▶ Activity:
Look through the records below for the line holding "Shop Rotate Black". Write it out exactly, with each following line through the line holding "Jolie Photographie Du".

▶ Working data:
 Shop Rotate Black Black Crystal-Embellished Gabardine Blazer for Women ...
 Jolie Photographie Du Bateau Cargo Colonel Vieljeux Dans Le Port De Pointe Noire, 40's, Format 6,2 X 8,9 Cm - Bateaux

---

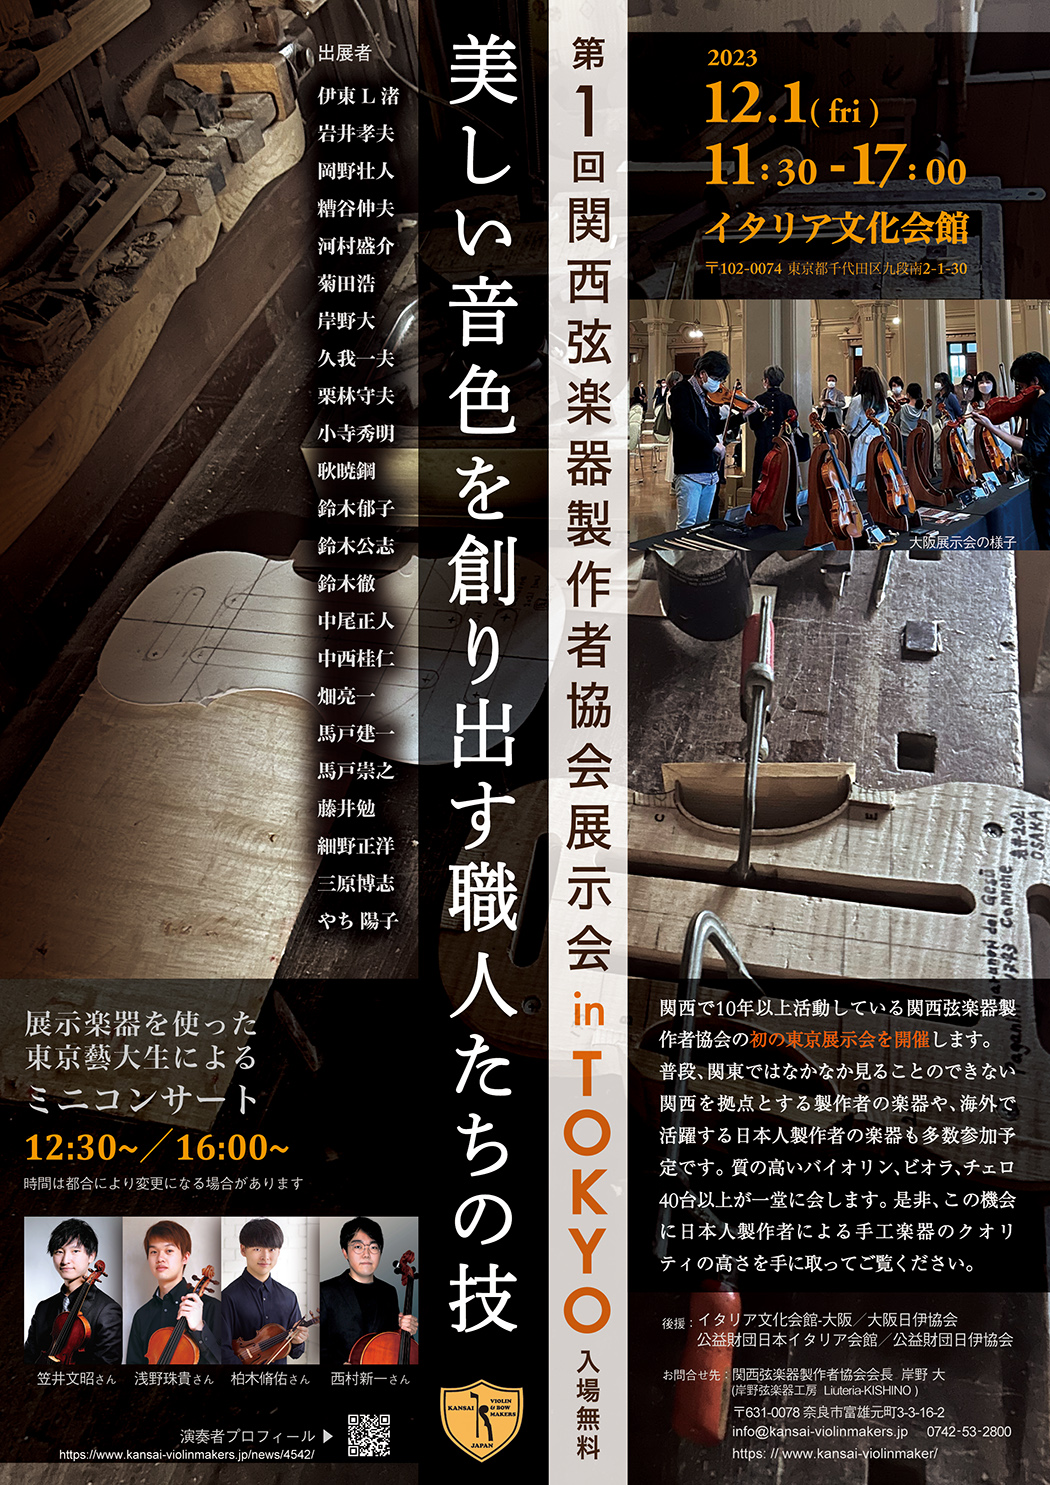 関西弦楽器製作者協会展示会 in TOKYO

▶ Written answer:
 Shop Rotate Black Black Crystal-Embellished Gabardine Blazer for Women ...
 Jolie Photographie Du Bateau Cargo Colonel Vieljeux Dans Le Port De Pointe Noire, 40's, Format 6,2 X 8,9 Cm - Bateaux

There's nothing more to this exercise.